What to work on | What is needed is an exact copy of all the records.

Supplied data |

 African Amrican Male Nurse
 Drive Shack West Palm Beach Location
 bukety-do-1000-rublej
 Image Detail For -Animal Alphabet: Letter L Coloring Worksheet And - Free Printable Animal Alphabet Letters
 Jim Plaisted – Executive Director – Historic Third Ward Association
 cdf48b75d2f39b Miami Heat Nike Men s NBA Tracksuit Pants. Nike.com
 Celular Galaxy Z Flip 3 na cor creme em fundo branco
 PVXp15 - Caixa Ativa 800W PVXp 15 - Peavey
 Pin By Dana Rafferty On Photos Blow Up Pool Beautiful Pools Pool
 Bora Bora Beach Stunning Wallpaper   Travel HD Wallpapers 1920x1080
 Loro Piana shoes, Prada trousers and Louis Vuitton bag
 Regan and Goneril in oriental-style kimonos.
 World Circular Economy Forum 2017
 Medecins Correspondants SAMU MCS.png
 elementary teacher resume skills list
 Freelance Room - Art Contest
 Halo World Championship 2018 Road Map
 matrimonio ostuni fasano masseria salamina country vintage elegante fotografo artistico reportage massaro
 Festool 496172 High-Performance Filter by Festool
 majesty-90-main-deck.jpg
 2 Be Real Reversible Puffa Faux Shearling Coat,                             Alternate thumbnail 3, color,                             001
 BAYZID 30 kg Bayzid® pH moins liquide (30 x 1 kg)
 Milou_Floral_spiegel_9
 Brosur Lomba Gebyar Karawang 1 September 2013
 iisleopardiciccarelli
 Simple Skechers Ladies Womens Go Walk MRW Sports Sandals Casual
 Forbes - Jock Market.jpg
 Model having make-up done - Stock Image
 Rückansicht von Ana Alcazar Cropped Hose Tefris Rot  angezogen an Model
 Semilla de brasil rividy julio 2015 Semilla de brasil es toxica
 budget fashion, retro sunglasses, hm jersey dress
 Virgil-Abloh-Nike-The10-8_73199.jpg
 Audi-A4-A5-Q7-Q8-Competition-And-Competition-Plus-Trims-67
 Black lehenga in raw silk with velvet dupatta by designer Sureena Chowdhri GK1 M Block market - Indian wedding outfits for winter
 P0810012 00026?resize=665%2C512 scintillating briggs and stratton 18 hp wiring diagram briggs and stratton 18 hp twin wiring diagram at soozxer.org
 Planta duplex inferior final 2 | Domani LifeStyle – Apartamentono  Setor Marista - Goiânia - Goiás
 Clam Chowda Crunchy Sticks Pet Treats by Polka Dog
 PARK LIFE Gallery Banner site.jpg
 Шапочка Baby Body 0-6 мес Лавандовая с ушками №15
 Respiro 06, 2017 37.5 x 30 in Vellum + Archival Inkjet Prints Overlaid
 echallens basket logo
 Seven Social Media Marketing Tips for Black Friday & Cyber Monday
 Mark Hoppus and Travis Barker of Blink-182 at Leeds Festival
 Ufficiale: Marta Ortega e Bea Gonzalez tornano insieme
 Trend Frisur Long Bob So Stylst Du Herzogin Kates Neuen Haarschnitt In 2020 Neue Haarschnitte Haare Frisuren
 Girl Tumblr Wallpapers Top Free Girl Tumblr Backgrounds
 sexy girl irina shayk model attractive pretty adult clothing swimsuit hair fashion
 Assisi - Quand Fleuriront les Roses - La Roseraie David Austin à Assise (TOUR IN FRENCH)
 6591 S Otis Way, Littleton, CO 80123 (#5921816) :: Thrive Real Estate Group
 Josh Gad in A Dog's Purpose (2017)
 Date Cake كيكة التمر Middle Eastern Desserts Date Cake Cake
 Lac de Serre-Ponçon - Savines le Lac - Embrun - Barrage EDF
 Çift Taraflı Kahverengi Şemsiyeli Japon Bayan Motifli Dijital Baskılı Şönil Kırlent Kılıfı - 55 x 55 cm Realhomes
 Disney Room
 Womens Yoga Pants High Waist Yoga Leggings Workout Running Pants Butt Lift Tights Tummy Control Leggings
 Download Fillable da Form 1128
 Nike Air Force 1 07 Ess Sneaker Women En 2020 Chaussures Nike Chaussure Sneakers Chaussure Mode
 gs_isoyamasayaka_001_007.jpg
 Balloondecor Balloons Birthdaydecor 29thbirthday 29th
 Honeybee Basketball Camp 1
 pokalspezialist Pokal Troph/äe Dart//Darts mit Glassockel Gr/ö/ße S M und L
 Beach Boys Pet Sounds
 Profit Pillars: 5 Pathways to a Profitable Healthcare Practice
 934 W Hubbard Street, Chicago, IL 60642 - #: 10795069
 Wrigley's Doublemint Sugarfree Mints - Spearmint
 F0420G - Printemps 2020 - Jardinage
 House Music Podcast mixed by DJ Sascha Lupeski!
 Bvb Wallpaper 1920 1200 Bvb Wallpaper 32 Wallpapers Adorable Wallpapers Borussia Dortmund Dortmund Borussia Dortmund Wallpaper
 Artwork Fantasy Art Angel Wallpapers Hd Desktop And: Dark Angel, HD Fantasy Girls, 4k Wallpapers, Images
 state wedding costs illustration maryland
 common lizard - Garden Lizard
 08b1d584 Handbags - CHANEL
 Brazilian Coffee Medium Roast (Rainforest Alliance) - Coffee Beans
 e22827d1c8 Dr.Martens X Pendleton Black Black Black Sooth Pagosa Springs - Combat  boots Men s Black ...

Solved exercise |
 African Amrican Male Nurse
 Drive Shack West Palm Beach Location
 bukety-do-1000-rublej
 Image Detail For -Animal Alphabet: Letter L Coloring Worksheet And - Free Printable Animal Alphabet Letters
 Jim Plaisted – Executive Director – Historic Third Ward Association
 cdf48b75d2f39b Miami Heat Nike Men s NBA Tracksuit Pants. Nike.com
 Celular Galaxy Z Flip 3 na cor creme em fundo branco
 PVXp15 - Caixa Ativa 800W PVXp 15 - Peavey
 Pin By Dana Rafferty On Photos Blow Up Pool Beautiful Pools Pool
 Bora Bora Beach Stunning Wallpaper   Travel HD Wallpapers 1920x1080
 Loro Piana shoes, Prada trousers and Louis Vuitton bag
 Regan and Goneril in oriental-style kimonos.
 World Circular Economy Forum 2017
 Medecins Correspondants SAMU MCS.png
 elementary teacher resume skills list
 Freelance Room - Art Contest
 Halo World Championship 2018 Road Map
 matrimonio ostuni fasano masseria salamina country vintage elegante fotografo artistico reportage massaro
 Festool 496172 High-Performance Filter by Festool
 majesty-90-main-deck.jpg
 2 Be Real Reversible Puffa Faux Shearling Coat,                             Alternate thumbnail 3, color,                             001
 BAYZID 30 kg Bayzid® pH moins liquide (30 x 1 kg)
 Milou_Floral_spiegel_9
 Brosur Lomba Gebyar Karawang 1 September 2013
 iisleopardiciccarelli
 Simple Skechers Ladies Womens Go Walk MRW Sports Sandals Casual
 Forbes - Jock Market.jpg
 Model having make-up done - Stock Image
 Rückansicht von Ana Alcazar Cropped Hose Tefris Rot  angezogen an Model
 Semilla de brasil rividy julio 2015 Semilla de brasil es toxica
 budget fashion, retro sunglasses, hm jersey dress
 Virgil-Abloh-Nike-The10-8_73199.jpg
 Audi-A4-A5-Q7-Q8-Competition-And-Competition-Plus-Trims-67
 Black lehenga in raw silk with velvet dupatta by designer Sureena Chowdhri GK1 M Block market - Indian wedding outfits for winter
 P0810012 00026?resize=665%2C512 scintillating briggs and stratton 18 hp wiring diagram briggs and stratton 18 hp twin wiring diagram at soozxer.org
 Planta duplex inferior final 2 | Domani LifeStyle – Apartamentono  Setor Marista - Goiânia - Goiás
 Clam Chowda Crunchy Sticks Pet Treats by Polka Dog
 PARK LIFE Gallery Banner site.jpg
 Шапочка Baby Body 0-6 мес Лавандовая с ушками №15
 Respiro 06, 2017 37.5 x 30 in Vellum + Archival Inkjet Prints Overlaid
 echallens basket logo
 Seven Social Media Marketing Tips for Black Friday & Cyber Monday
 Mark Hoppus and Travis Barker of Blink-182 at Leeds Festival
 Ufficiale: Marta Ortega e Bea Gonzalez tornano insieme
 Trend Frisur Long Bob So Stylst Du Herzogin Kates Neuen Haarschnitt In 2020 Neue Haarschnitte Haare Frisuren
 Girl Tumblr Wallpapers Top Free Girl Tumblr Backgrounds
 sexy girl irina shayk model attractive pretty adult clothing swimsuit hair fashion
 Assisi - Quand Fleuriront les Roses - La Roseraie David Austin à Assise (TOUR IN FRENCH)
 6591 S Otis Way, Littleton, CO 80123 (#5921816) :: Thrive Real Estate Group
 Josh Gad in A Dog's Purpose (2017)
 Date Cake كيكة التمر Middle Eastern Desserts Date Cake Cake
 Lac de Serre-Ponçon - Savines le Lac - Embrun - Barrage EDF
 Çift Taraflı Kahverengi Şemsiyeli Japon Bayan Motifli Dijital Baskılı Şönil Kırlent Kılıfı - 55 x 55 cm Realhomes
 Disney Room
 Womens Yoga Pants High Waist Yoga Leggings Workout Running Pants Butt Lift Tights Tummy Control Leggings
 Download Fillable da Form 1128
 Nike Air Force 1 07 Ess Sneaker Women En 2020 Chaussures Nike Chaussure Sneakers Chaussure Mode
 gs_isoyamasayaka_001_007.jpg
 Balloondecor Balloons Birthdaydecor 29thbirthday 29th
 Honeybee Basketball Camp 1
 pokalspezialist Pokal Troph/äe Dart//Darts mit Glassockel Gr/ö/ße S M und L
 Beach Boys Pet Sounds
 Profit Pillars: 5 Pathways to a Profitable Healthcare Practice
 934 W Hubbard Street, Chicago, IL 60642 - #: 10795069
 Wrigley's Doublemint Sugarfree Mints - Spearmint
 F0420G - Printemps 2020 - Jardinage
 House Music Podcast mixed by DJ Sascha Lupeski!
 Bvb Wallpaper 1920 1200 Bvb Wallpaper 32 Wallpapers Adorable Wallpapers Borussia Dortmund Dortmund Borussia Dortmund Wallpaper
 Artwork Fantasy Art Angel Wallpapers Hd Desktop And: Dark Angel, HD Fantasy Girls, 4k Wallpapers, Images
 state wedding costs illustration maryland
 common lizard - Garden Lizard
 08b1d584 Handbags - CHANEL
 Brazilian Coffee Medium Roast (Rainforest Alliance) - Coffee Beans
 e22827d1c8 Dr.Martens X Pendleton Black Black Black Sooth Pagosa Springs - Combat  boots Men s Black ...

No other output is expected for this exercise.